Algorithm - Sequential Search and Binary Search (Concept and C++)
Sequential Search
Search means finding the desired data among the data list
Sequential Search: Find the data you want by comparing the list one by one from the front
- Time complexity
- Worst case: when list length is n, it should be compared n times
- $O(n)$
- C++ example
#include<iostream>
#include<cstdio>
using namespace std;
bool sequentialSearch(int* data, int size, int key)
{
for(int i = 0; i < size; ++i)
{
if(data[i] == key)
{
return true;
}
}
return false;
}
int main()
{
int list_s[] = {5,4,3,2,1};
int len = sizeof(list_s) / sizeof(list_s[0]);
if(sequentialSearch(list_s, len, 3))
cout << "search success" << endl;
else
cout << "search fail" << endl;
}
Binary Search
Binary Search: Divide the data to be searched into half to search for the desired data
Divide and Conqure
- Binary search
- Divide: Divide the data list into two sublists
- Conqure
- data > Medium value: Search for the number to search in the sub-list at the back
- data < Medium value: Search for the number to search in the previous sub-list
Time Complexity
- Divide n lists in half every times and perform comparison operations k times until 1
- n X $\frac { 1 }{ 2 }$ X $\frac { 1 }{ 2 }$ X $\frac { 1 }{ 2 }$ … = 1
- n X $\frac { 1 }{ 2 }^k$ = 1
- n = $2^k$ = $log_2 n$ = $log_2 2^k$
- $log_2 n$ = k
- In big O notation, k + 1 is the final time complexity (even when it becomes 1, comparison operation is performed once)

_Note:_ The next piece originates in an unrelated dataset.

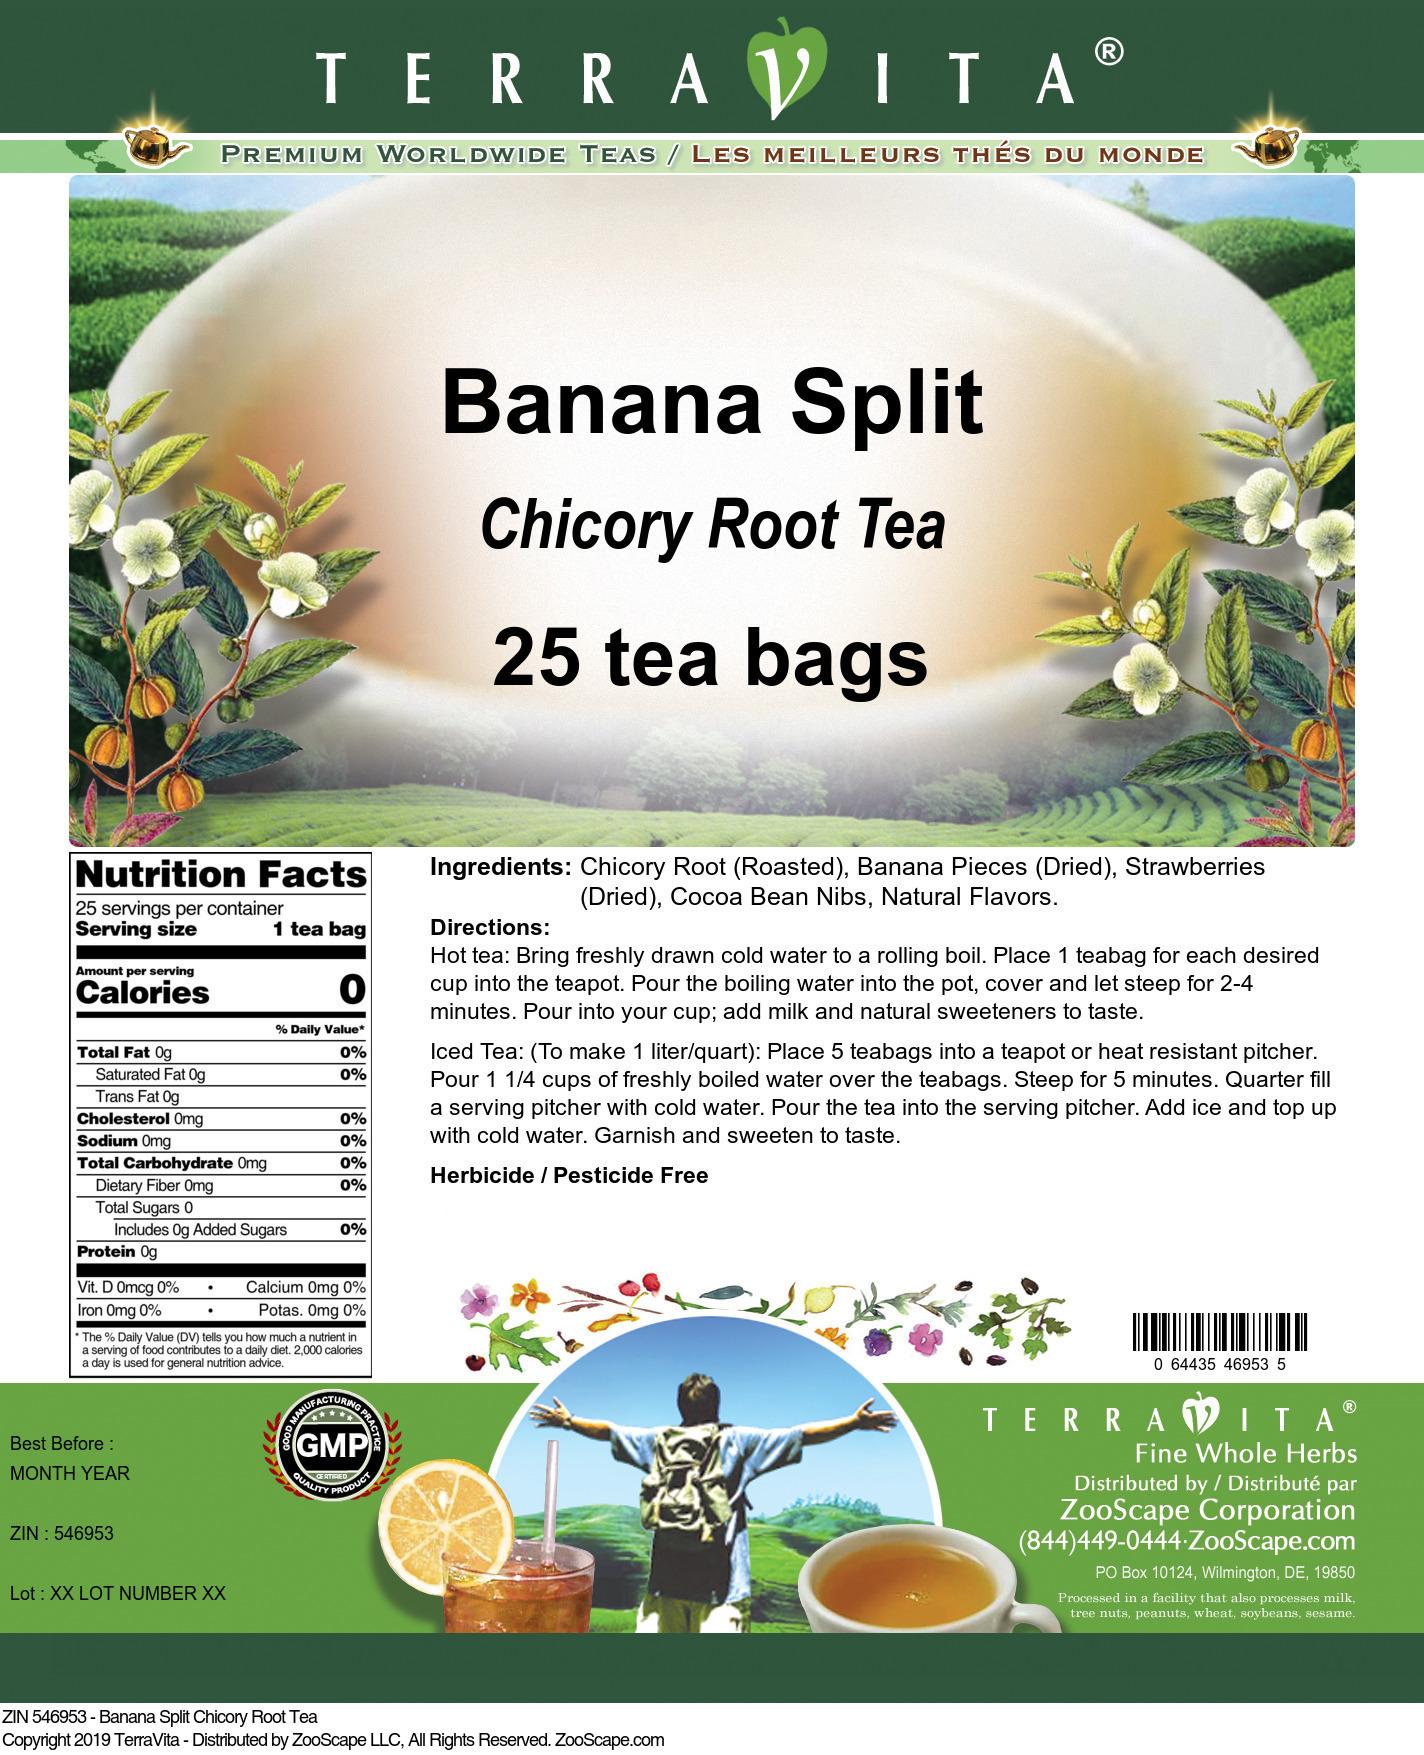 Banana Split Chicory Root

- Eventually, $O(log_2 n + 1)$, 2 and 1, constant are deleted so, $O(log n)$
C++
#include<iostream>
#include<cstdio>
using namespace std;
void binarySearch(int* data, int left, int right, int key)
{
if(right < left)
{
cout << "search fail" << endl;
return;
}
int mid = left + (right-left)/2;
if(data[mid] == key)
{
cout << "search success" << endl;
return;
}
if(data[mid] < key)
binarySearch(data, mid+1, right, key);
else
binarySearch(data, left, mid-1, key);
}
int main()
{
int list_s[] = {2,5,8,12,16,23,38,56,72,91};
int len = sizeof(list_s) / sizeof(list_s[0]);
binarySearch(list_s, 0, len-1, 23);
binarySearch(list_s, 0, len-1, 10);
return 0;
}